While  Ref  isn’t the only built-in function you’ll need to know about, it’s almost certainly going to be the one you’ll use the most. We’ll talk more about built-in functions later in this chapter.

Resources

Resources are your actual pieces of AWS infrastructure. These are your EC2 instances, S3 buckets, ELBs, and so on. Almost any resource type you can create by pointing and clicking on the AWS web console can also be created using CloudFormation.

It’s not practical to list all the AWS resource types in this chapter. However, you will get familiar with the most common types as you work your way through the recipes in this book.

AWS has a definitive list of resources types here: http://docs.aws.amazon.com/AWSCloudFormation/latest/UserGuide/aws-template-resource-type-ref.html.

There are a few important things to keep in mind about CloudFormation resources.

New or bleeding-edge AWS resources are often not immediately supported. CloudFormation support typically lags a few weeks (sometimes months) behind the release of new AWS features. This used to be quite frustrating for anyone who found that infrastructure automation was key. Fast-forward to today, and this situation is somewhat mitigated by the ability to use custom resources. These are discussed later on in this chapter.

Resources have a default return value.
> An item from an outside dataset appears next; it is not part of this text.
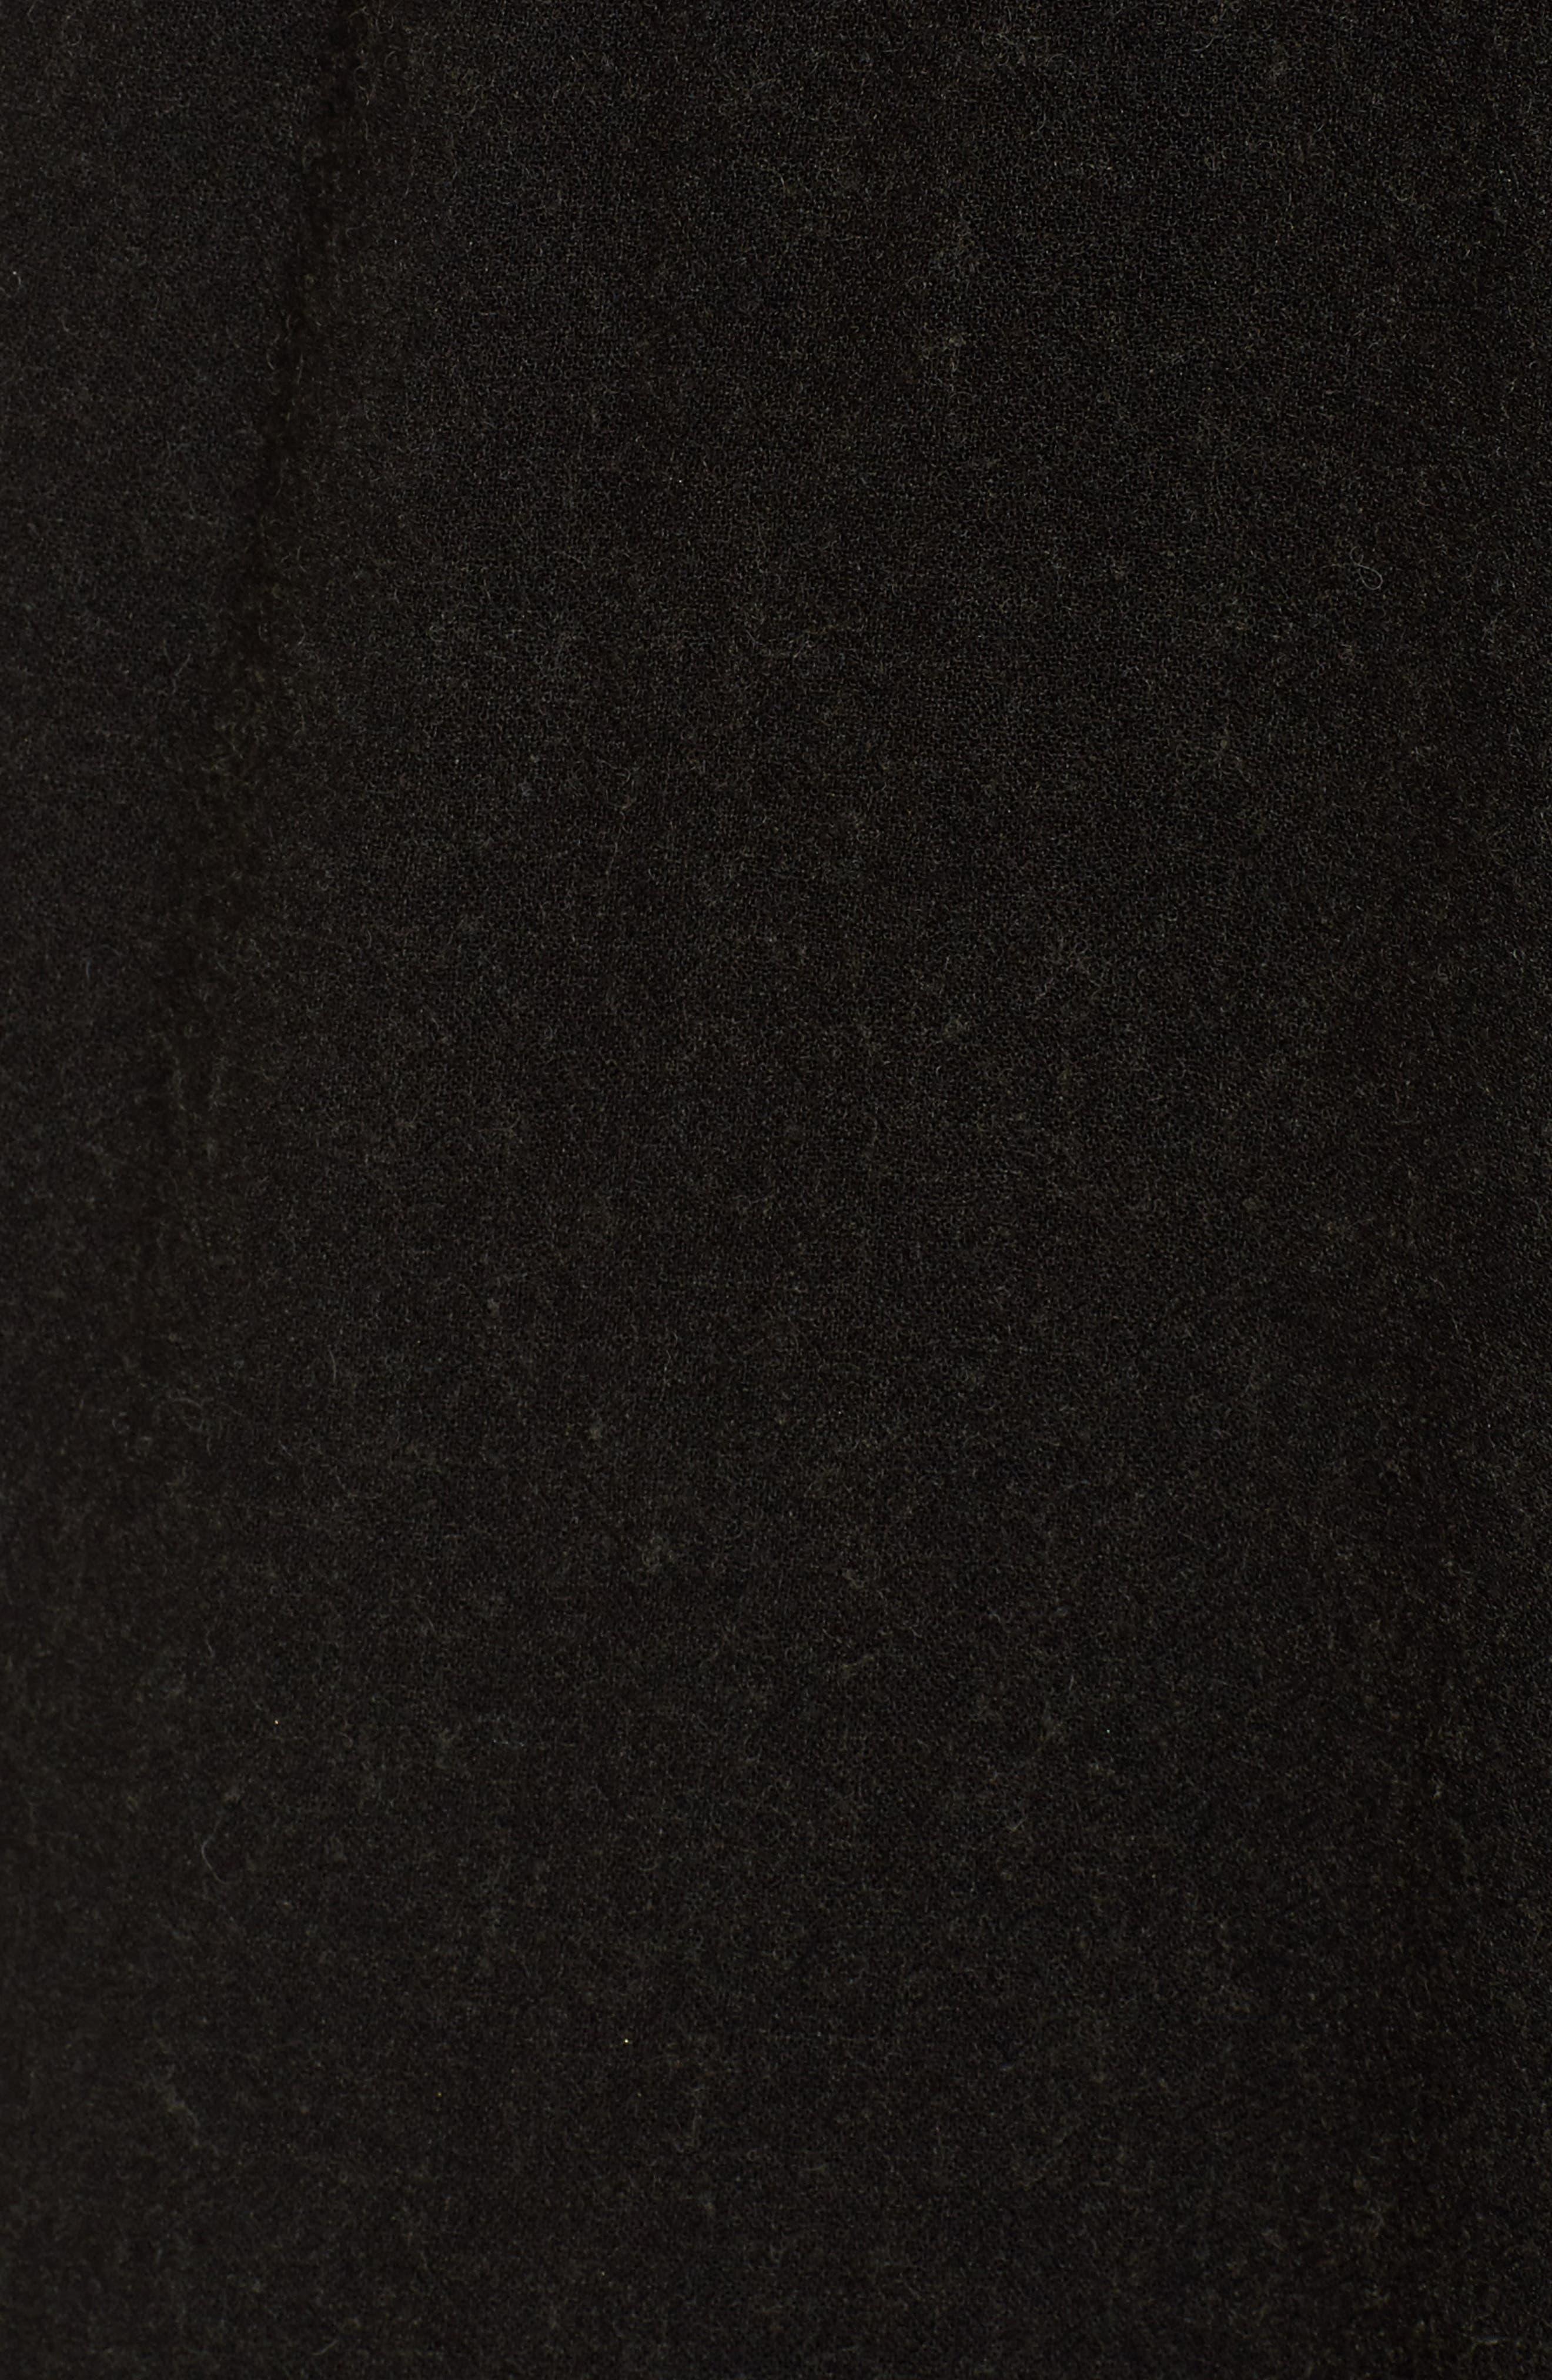 Midi Skirt,                             Alternate thumbnail 5, color,                             001

You can use Ref to fetch these return values for use elsewhere in your template. For example, the AWS::EC2::VPC resource type has a default return value, which is the ID of the VPC. It looks something like this: 

vpc-11aa111a

Resources often contain additional return values. These additional values are fetched using the built-in Fn::GetAtt function. Continuing from the previous example, the AWS::EC2::VPC resource type also returns the following:

  • CidrBlock
  • DefaultNetworkAcl
  • DefaultSecurityGroup
  • Ipv6CidrBlocks
  • Outputs

Just like AWS resources, CloudFormation stacks can also have return values, called outputs. These values are entirely user-defined. If you don’t specify any outputs, then nothing is returned when your stack is completed.

Outputs can come in handy when you are using a CI/CD tool to create your CloudFormation stacks. For example, you might like to output the public hostname of an ELB so that your CI/CD tool can turn it into a clickable link within the job output.

You’ll also use them when you are linking pieces of your layer cake together. You may want to reference an S3 bucket or security group that’s was created in another stack. This is much easier to do with the new cross-stack references feature, which we’ll discuss later in this chapter. You can expect to see the  Ref  and  Fn::GetAtt  functions a lot in the output section of any CloudFormation template.

Dependencies and ordering

When executing your template, CloudFormation will automatically work out which resources depend on each other and order their creation accordingly. Additionally, resource creation is parallelized as much as possible so that your stack execution finishes in the timeliest manner possible.

Let’s look at an example where an app server depends on a DB server. To connect to the database, the app server needs to know its IP address or hostname. This situation would actually require you to create the DB server first so that you can use  Ref  to fetch its IP and provide it to your app server. CloudFormation has no way of knowing about the coupling between these two resources, so it will go ahead and create them in any order it pleases (or in parallel, if possible).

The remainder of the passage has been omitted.